Files
sglang/sgl-router/src/tokenizer/README.md

198 lines
11 KiB
Markdown
Raw Normal View History

# Tokenizer Module
## Overview
The `sgl-router` tokenizer subsystem exposes a single `Tokenizer` facade around multiple backends
(Hugging Face JSON tokenizers, OpenAI/tiktoken models, and an in-memory mock). It packages the
shared behaviours needed by the routerencoding user text, incrementally decoding streamed tokens,
tracking per-request state, and detecting stop conditions—behind trait objects so the rest of the
router can remain backend-agnostic.
Key capabilities:
- trait-based split between `Encoder`, `Decoder`, and `Tokenizer` for shared APIs across backends
- Hugging Face tokenizer loading (with optional chat templates) and HF Hub downloads
- heuristic selection of OpenAI/tiktoken encodings for GPT model names
- incremental decoding utilities (`DecodeStream`, `Sequence`) that handle UTF-8 boundaries
- stop sequence handling via `StopSequenceDecoder` with token-level and string-level triggers
- optional Jinja2 chat-template rendering that matches Hugging Face semantics
The implementation deliberately keeps the surface area small—metrics, batching, or SentencePiece
support mentioned in earlier drafts do **not** exist today. This document reflects the actual code
as of `sgl-router/src/tokenizer/*`.
## Source Map
- `mod.rs` module exports and the `Tokenizer` wrapper around `Arc<dyn Tokenizer>`
- `traits.rs` shared traits and the `Encoding`/`SpecialTokens` helper types
- `factory.rs` backend discovery, file/model heuristics, and tokio-aware creation helpers
- `hub.rs` Hugging Face Hub downloads via `hf_hub`
- `huggingface.rs` wrapper over `tokenizers::Tokenizer`, chat template loading, vocab access
- `tiktoken.rs` wrapper over `tiktoken-rs` encoders for OpenAI model families
- `chat_template.rs` AST-driven Jinja template inspection and rendering utilities
- `sequence.rs` stateful incremental decoding helper used by router sequences
- `stream.rs` stateless streaming decoder that yields textual chunks from token streams
- `stop.rs` stop-sequence detection with "jail" buffering and a builder API
- `mock.rs` lightweight tokenizer used by unit tests
- `tests.rs` smoke tests covering the trait facade and helpers (largely with the mock backend)

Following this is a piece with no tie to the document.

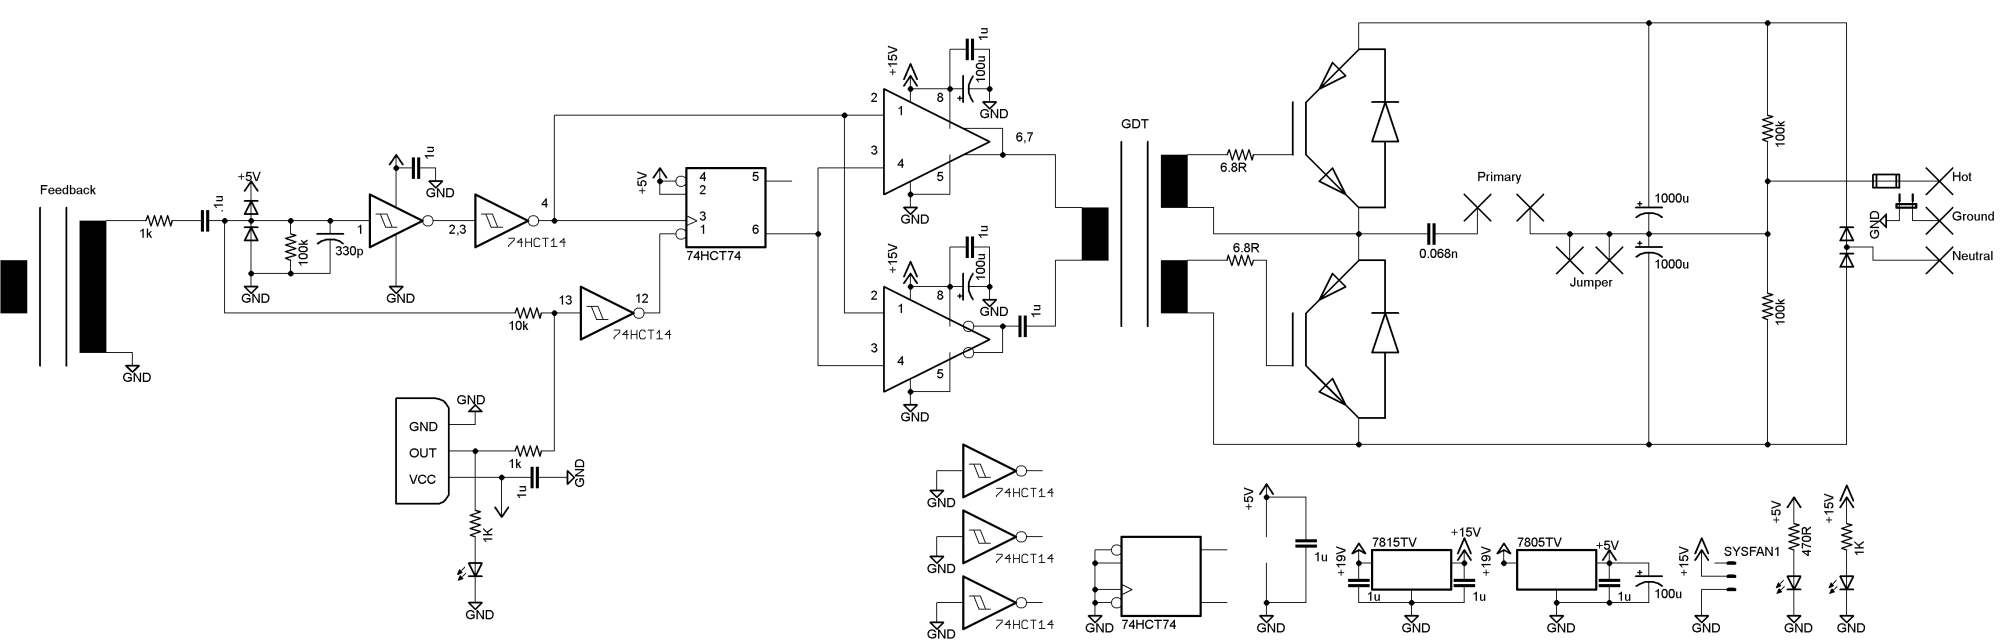 hight resolution of onetesla schematic 110v version tesla coil plans
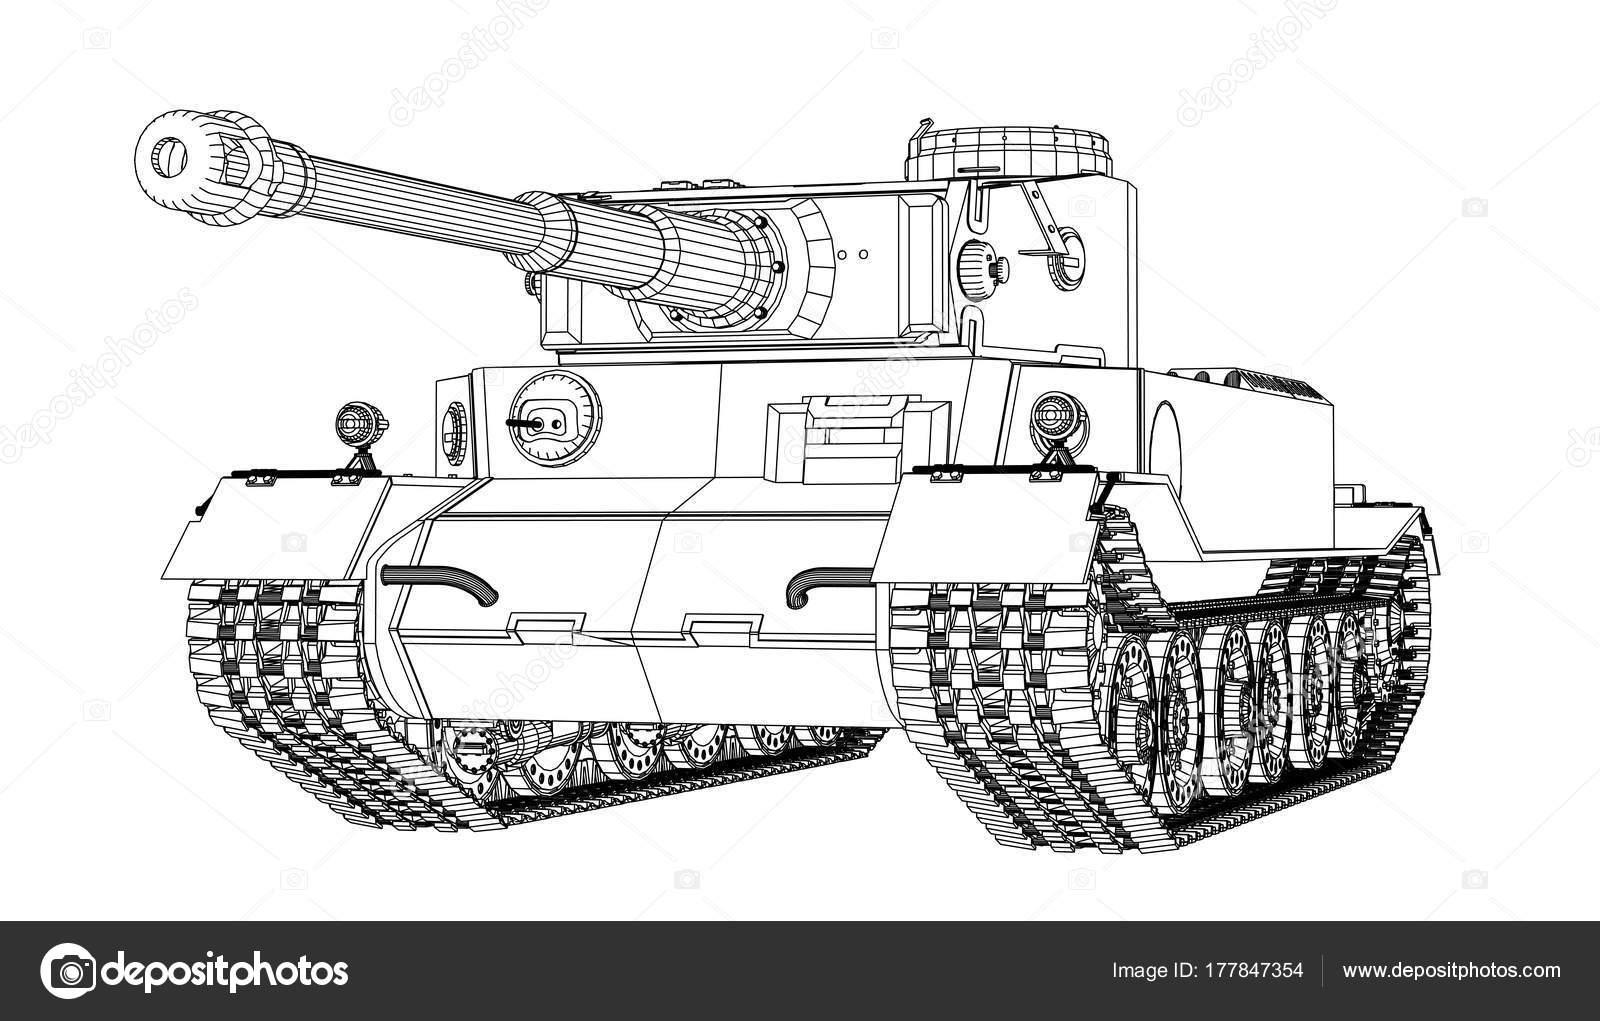 Blueprint of realistic tank stock vector cherezoff 177847354 blueprint of realistic tank stock vector malvernweather Choice Image

## Core Traits and Types (`traits.rs`)
- `Encoder`, `Decoder`, and `Tokenizer` traits stay `Send + Sync` so instances can be shared across
threads. Concrete backends implement the minimal methods: `encode`, `encode_batch`, `decode`,
`vocab_size`, special-token lookup, and optional token↔id conversions.
- `Encoding` wraps backend-specific results: `Hf` holds the Hugging Face encoding object,
`Sp` is a plain ID vector reserved for future SentencePiece support, and `Tiktoken` stores u32 IDs
from `tiktoken-rs`. `Encoding::token_ids()` is the zero-copy accessor used everywhere.
- `SpecialTokens` collects optional BOS/EOS/etc. markers so upstream code can make backend-agnostic
decisions.
- `Tokenizer` (in `mod.rs`) is a thin `Arc<dyn Tokenizer>` newtype that exposes convenience methods
(`encode`, `decode`, `decode_stream`, etc.) while keeping cloning cheap.
## Backend Implementations
### HuggingFaceTokenizer (`huggingface.rs`)
- Loads `tokenizer.json` (or similar) using `tokenizers::Tokenizer::from_file`.
- Caches vocab forward and reverse maps for `token_to_id`/`id_to_token` support.
- Extracts special tokens using common patterns (e.g. `<s>`, `[CLS]`).
- Supports optional chat templates: either auto-discovered next to the tokenizer via
`tokenizer_config.json` or overridable with an explicit template path.
- Exposes `apply_chat_template` which renders a minijinja template given JSON message payloads and
template parameters.
### TiktokenTokenizer (`tiktoken.rs`)
- Wraps the `tiktoken-rs` `CoreBPE` builders (`cl100k_base`, `p50k_base`, `p50k_edit`, `r50k_base`).
- `from_model_name` heuristically maps OpenAI model IDs (e.g. `gpt-4`, `text-davinci-003`) to those
bases. Unknown model names return an error rather than silently defaulting.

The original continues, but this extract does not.